__Task description__. Beginning with the line below that contains "Whirlpool Commercial Washing" and ending with the line that contains "nf_boyz_records [NFY020] Liana", retype every line exactly. Pictures are not copied.

[Source information]

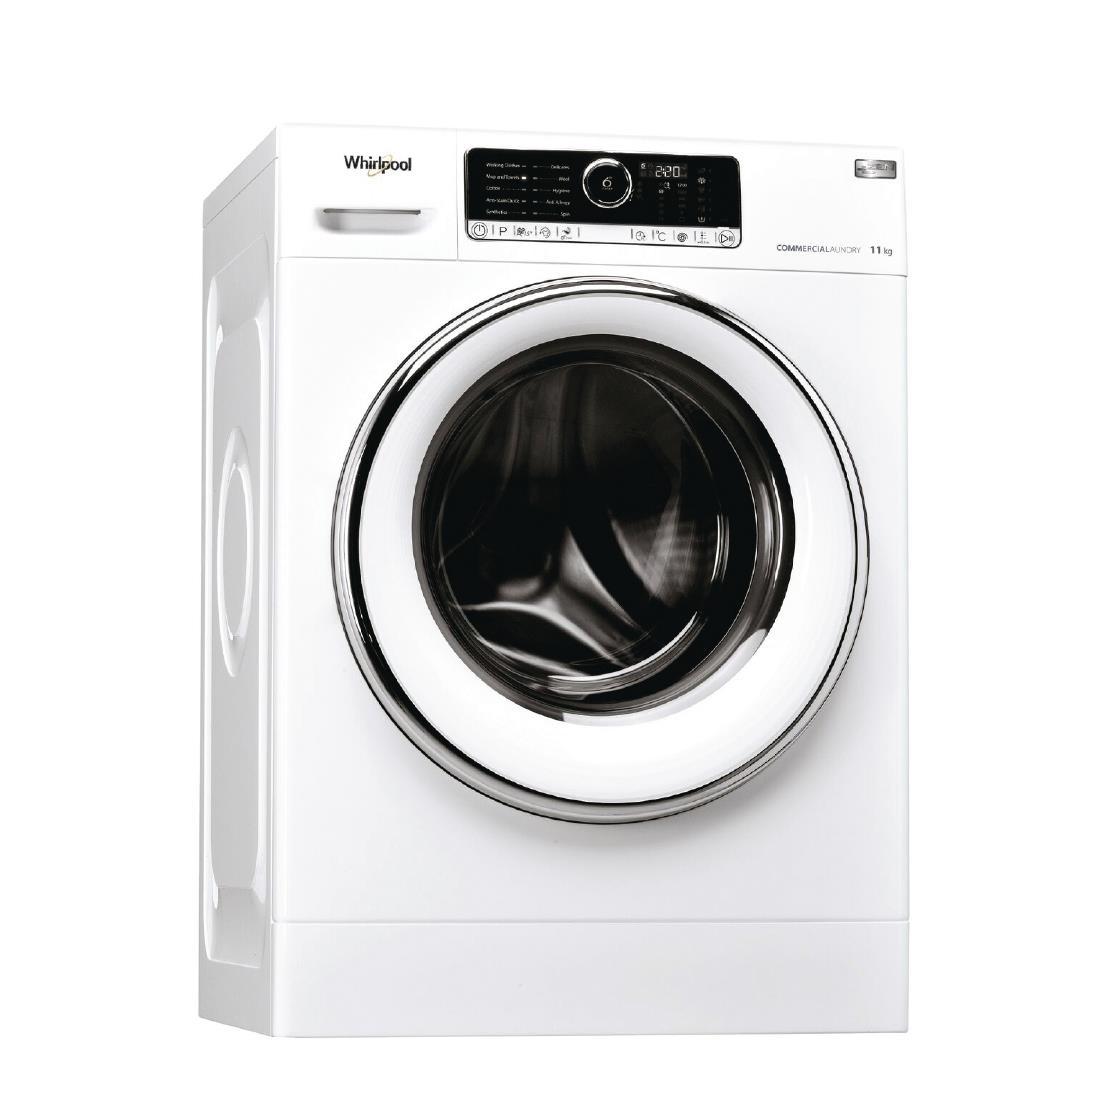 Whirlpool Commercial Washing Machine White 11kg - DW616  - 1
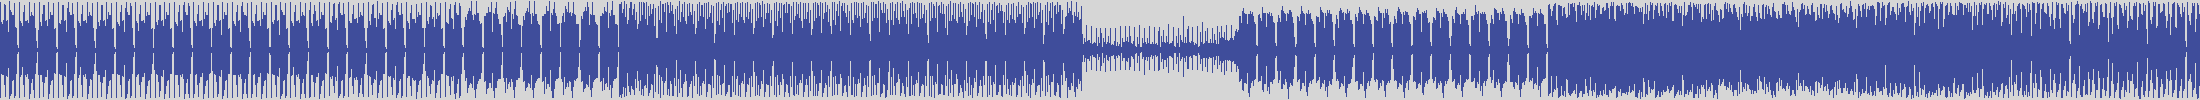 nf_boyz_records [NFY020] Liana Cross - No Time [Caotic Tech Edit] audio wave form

[/Source information]
[Source information]

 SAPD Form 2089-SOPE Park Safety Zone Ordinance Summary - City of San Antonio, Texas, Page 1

[/Source information]
[Source information]

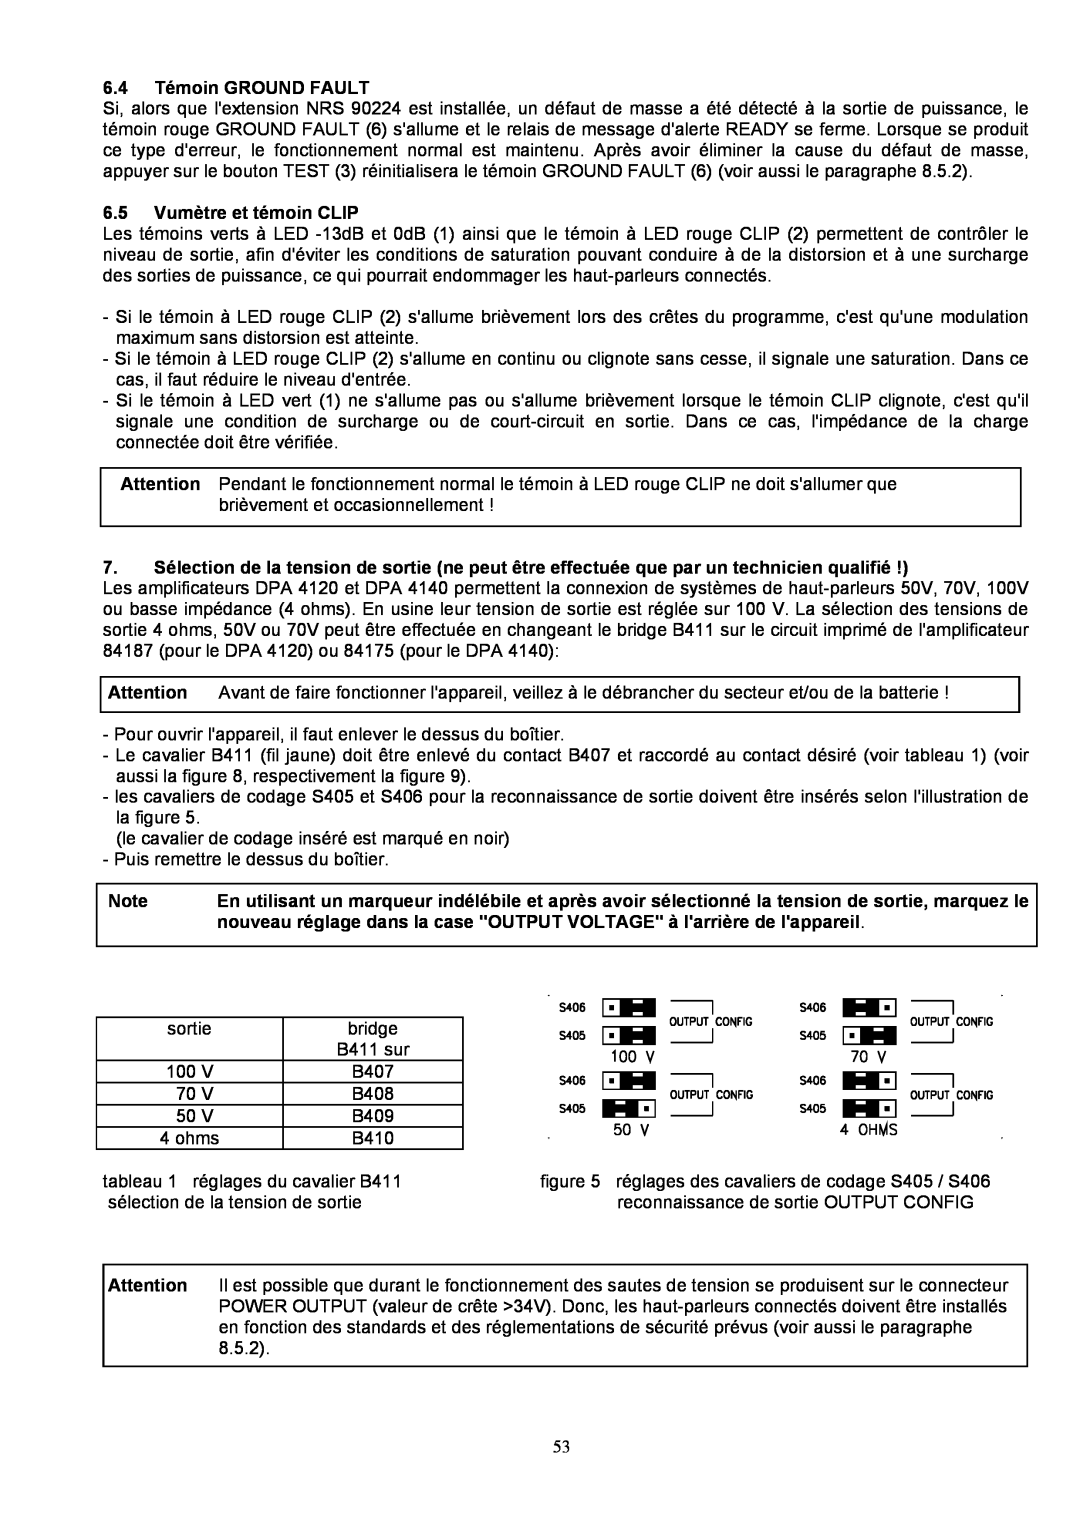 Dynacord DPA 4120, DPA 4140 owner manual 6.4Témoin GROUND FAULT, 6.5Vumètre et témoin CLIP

[/Source information]

__Output for this task__.
 Whirlpool Commercial Washing Machine White 11kg - DW616  - 1
 nf_boyz_records [NFY020] Liana Cross - No Time [Caotic Tech Edit] audio wave form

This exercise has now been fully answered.